- _How to complete this task_: The output is a word-for-word repeat of the listing below, free of images.

- _Data below_:

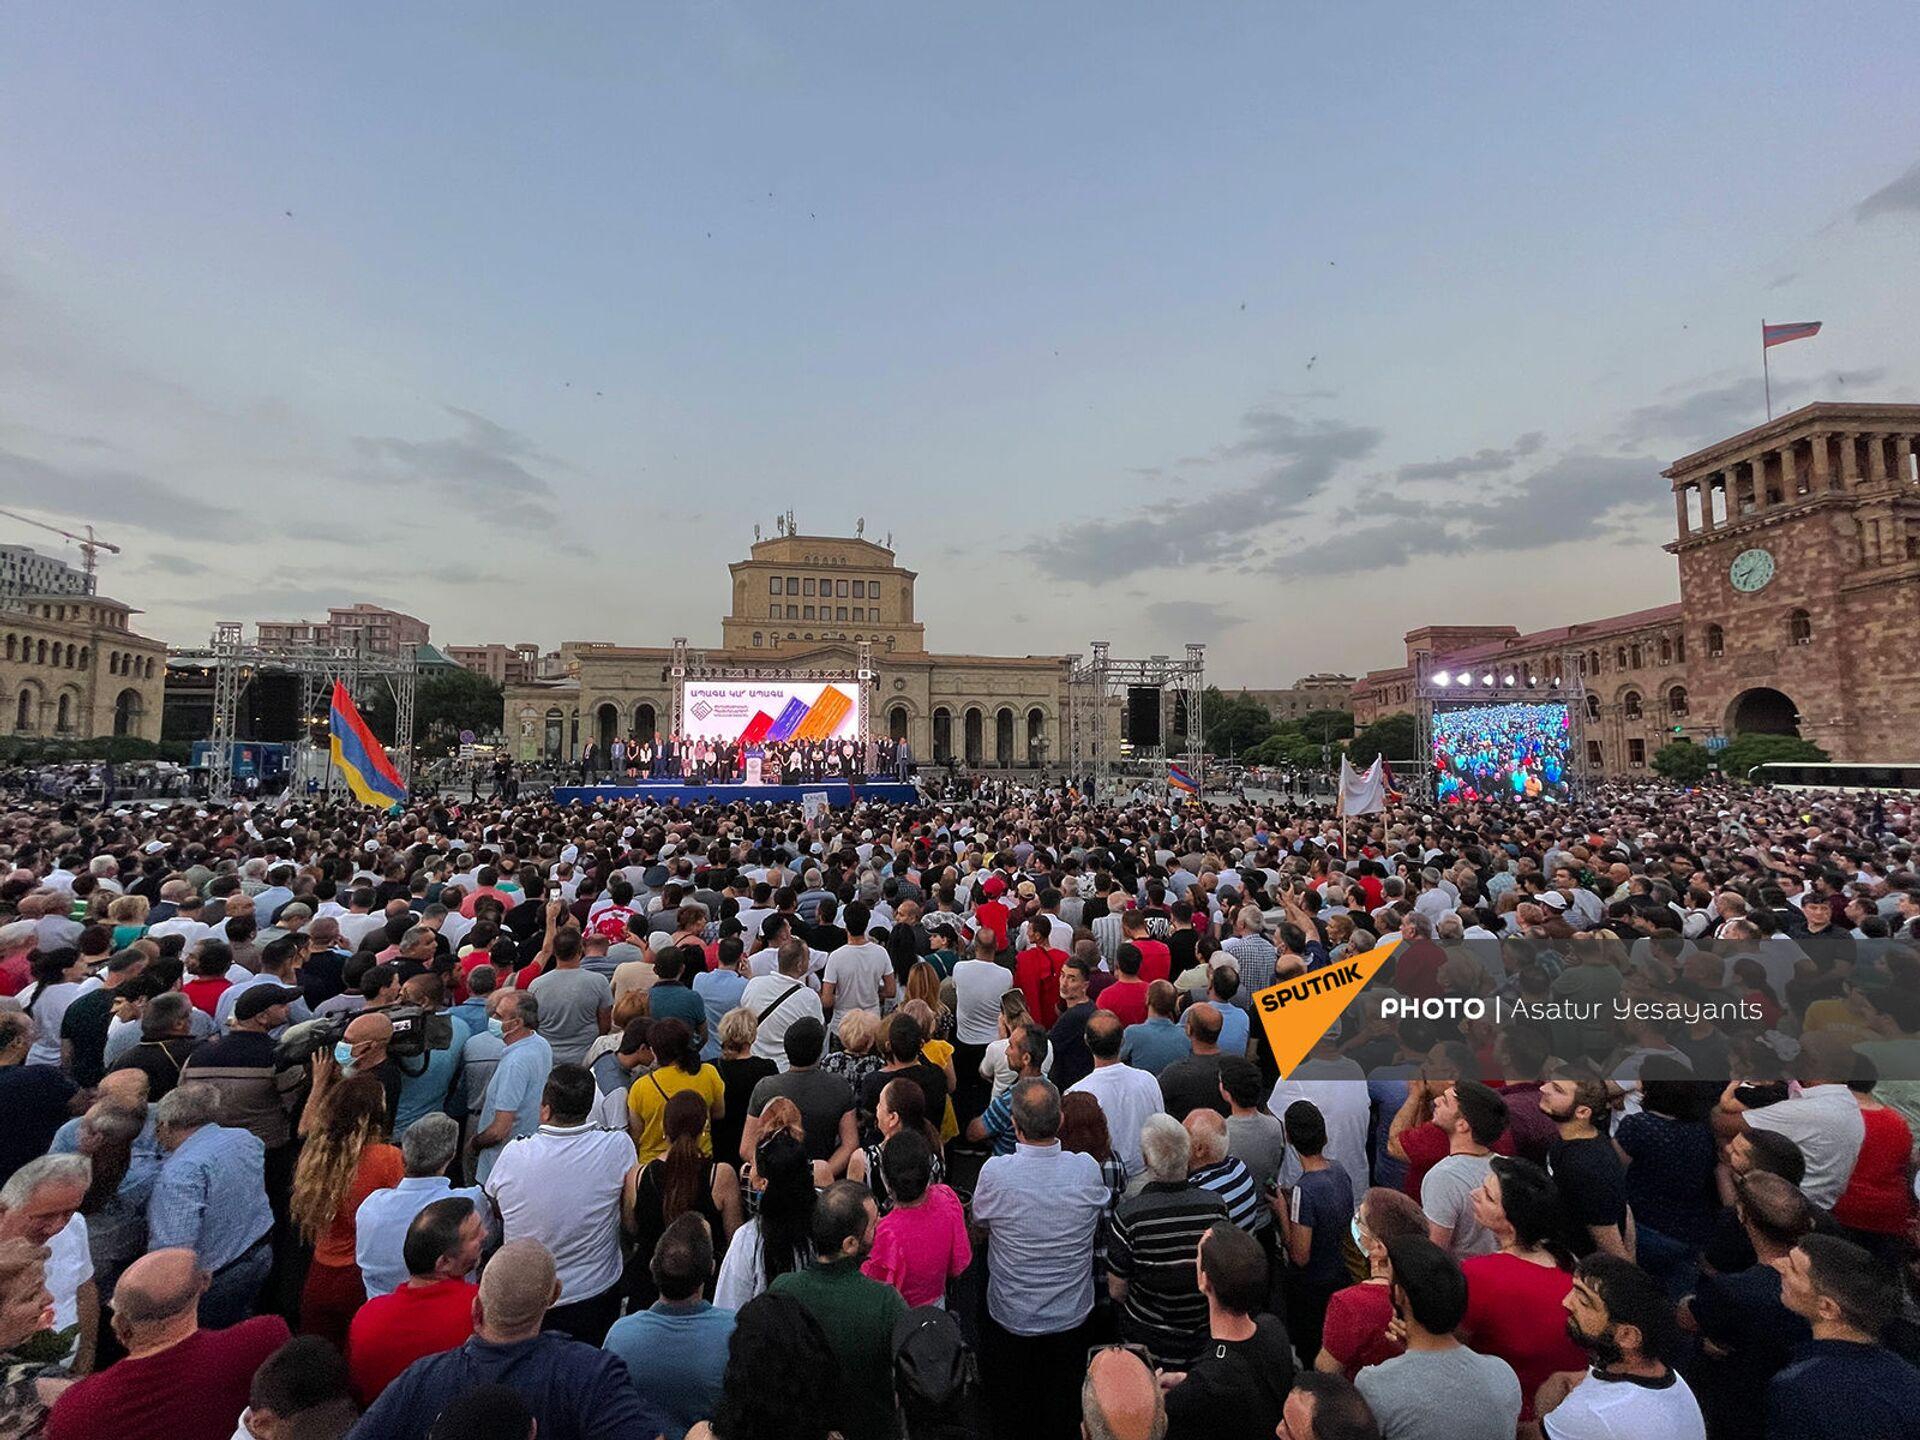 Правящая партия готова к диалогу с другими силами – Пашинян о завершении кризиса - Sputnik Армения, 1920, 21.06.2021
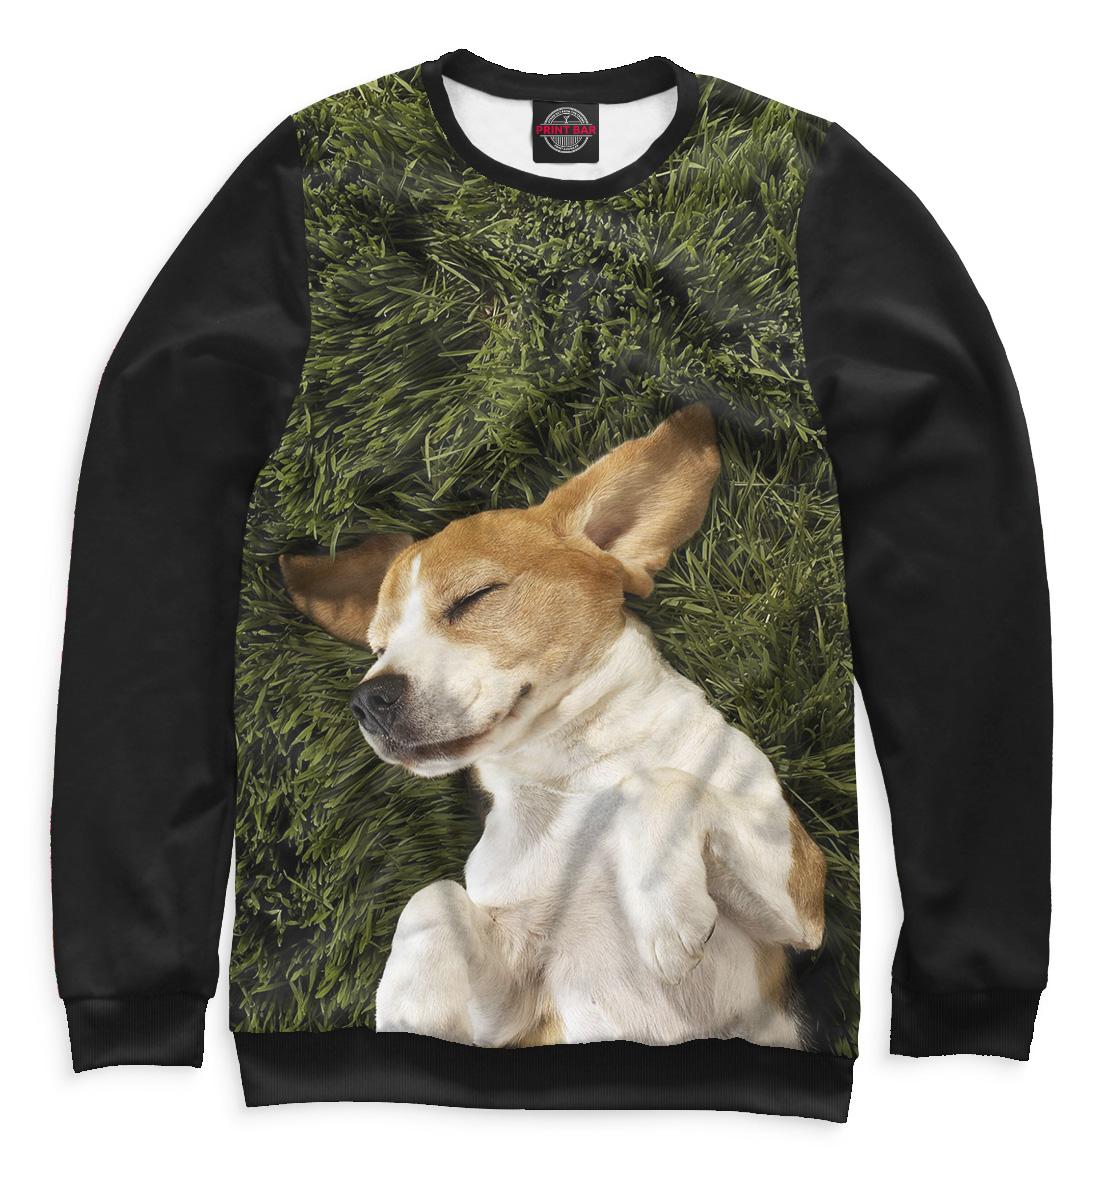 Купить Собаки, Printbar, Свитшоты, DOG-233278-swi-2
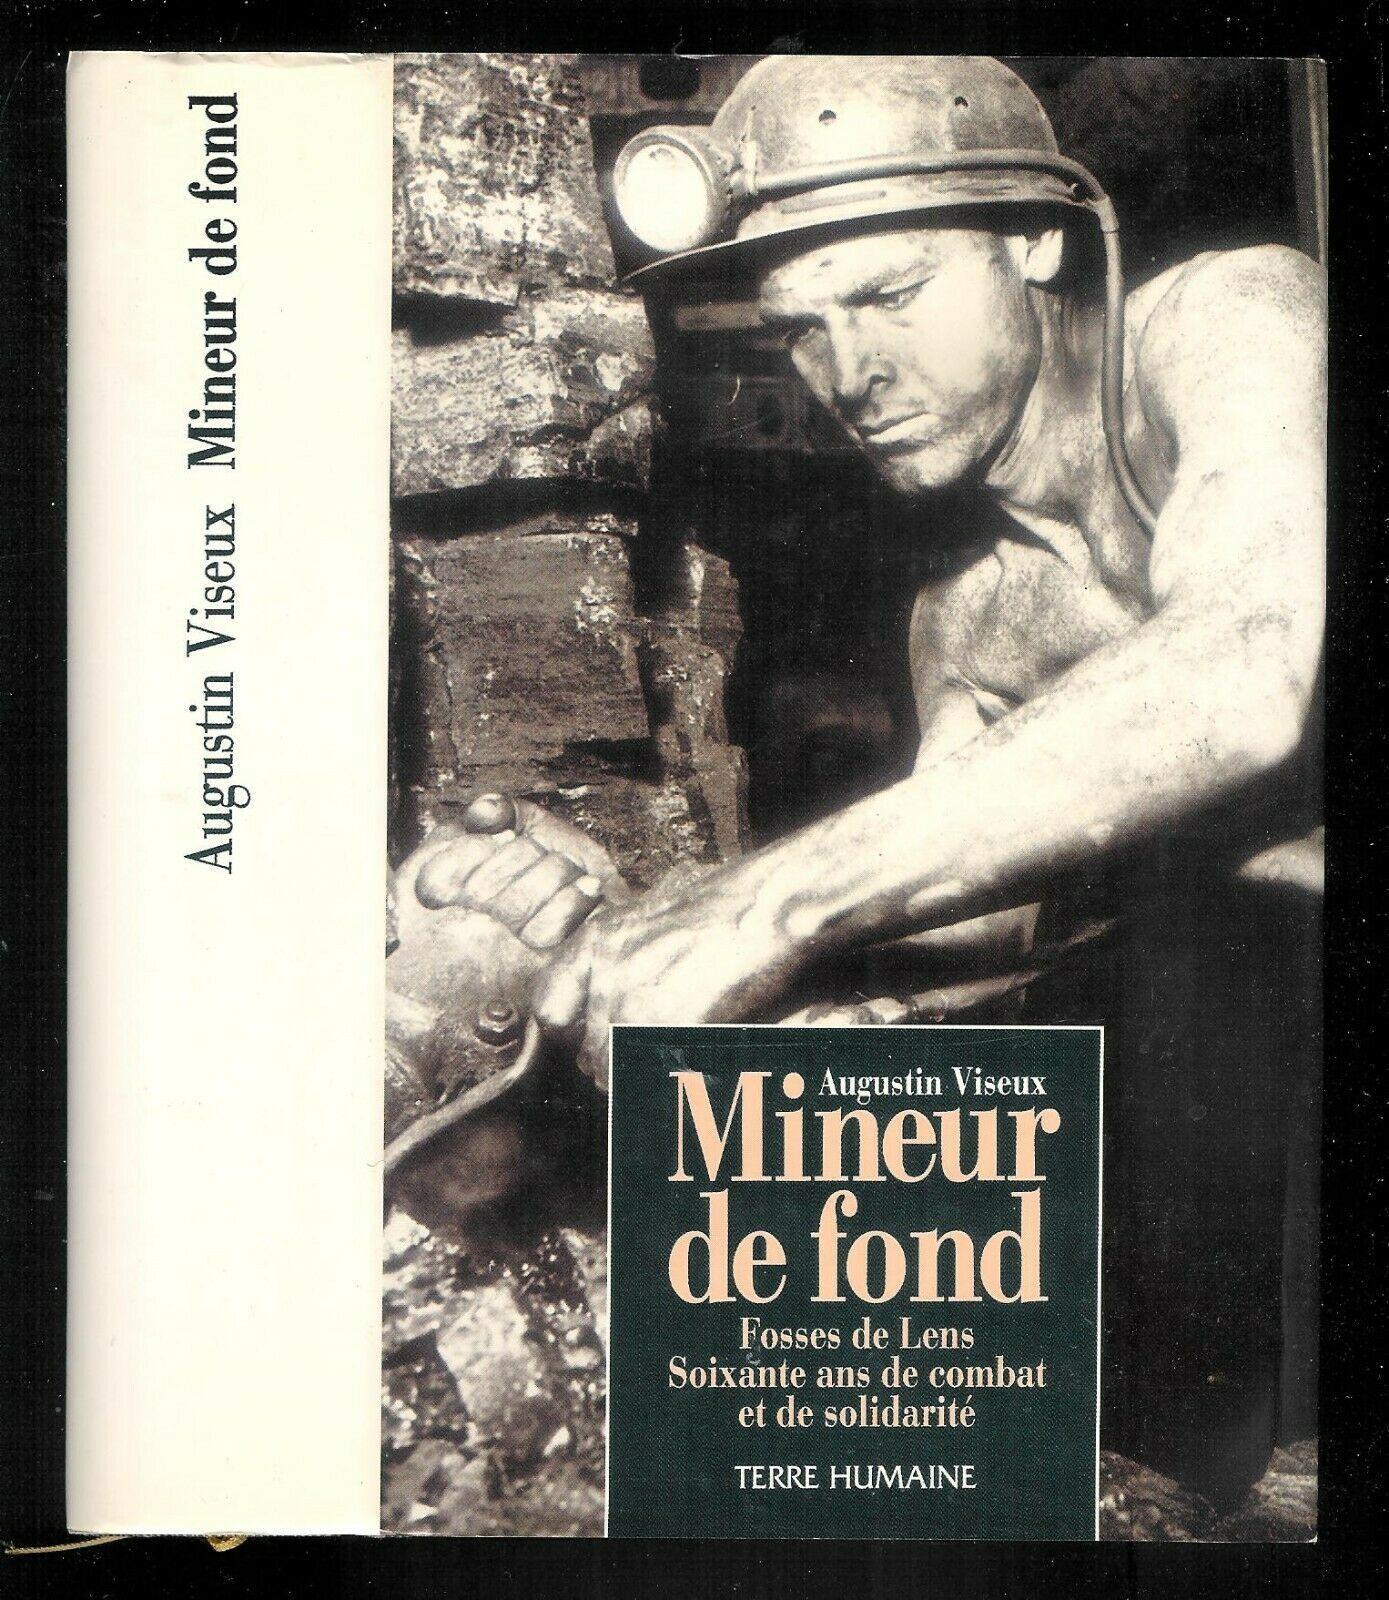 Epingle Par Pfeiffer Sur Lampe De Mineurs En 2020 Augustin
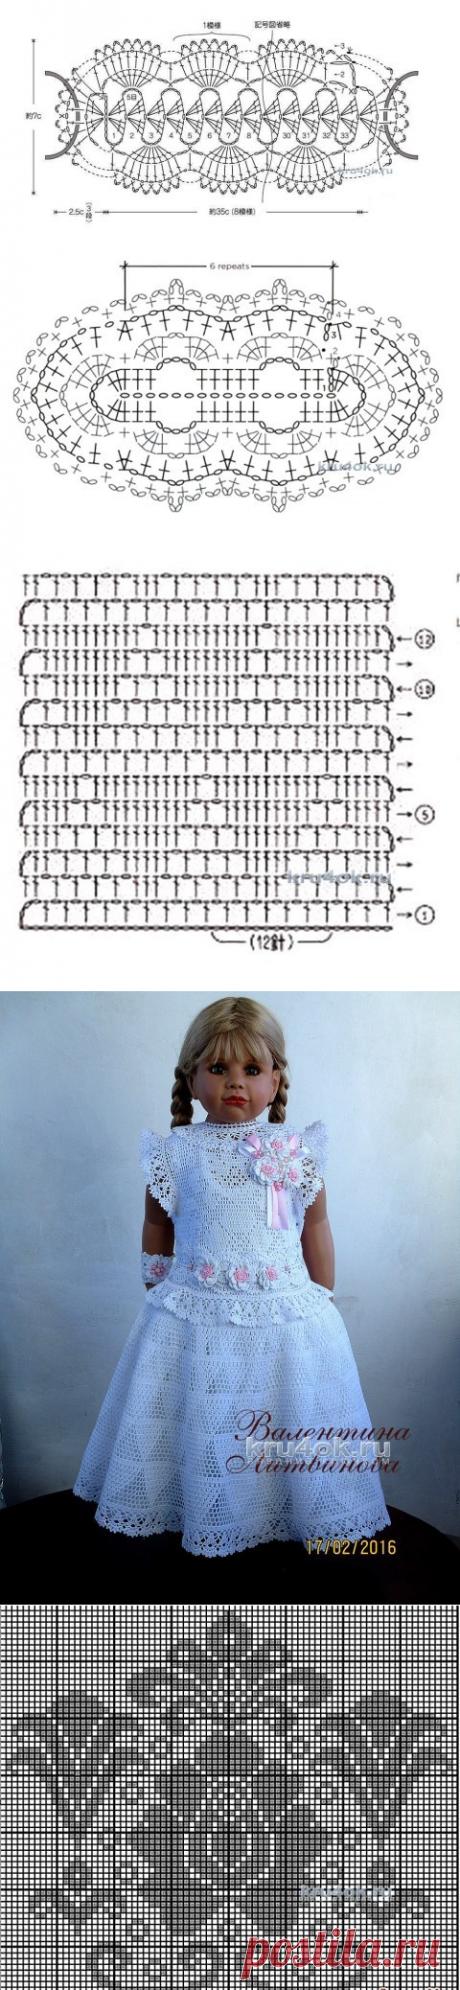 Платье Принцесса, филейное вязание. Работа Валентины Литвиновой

- _Exercise response_:
 Правящая партия готова к диалогу с другими силами – Пашинян о завершении кризиса - Sputnik Армения, 1920, 21.06.2021
 Купить Собаки, Printbar, Свитшоты, DOG-233278-swi-2
 Epingle Par Pfeiffer Sur Lampe De Mineurs En 2020 Augustin
 Платье Принцесса, филейное вязание. Работа Валентины Литвиновой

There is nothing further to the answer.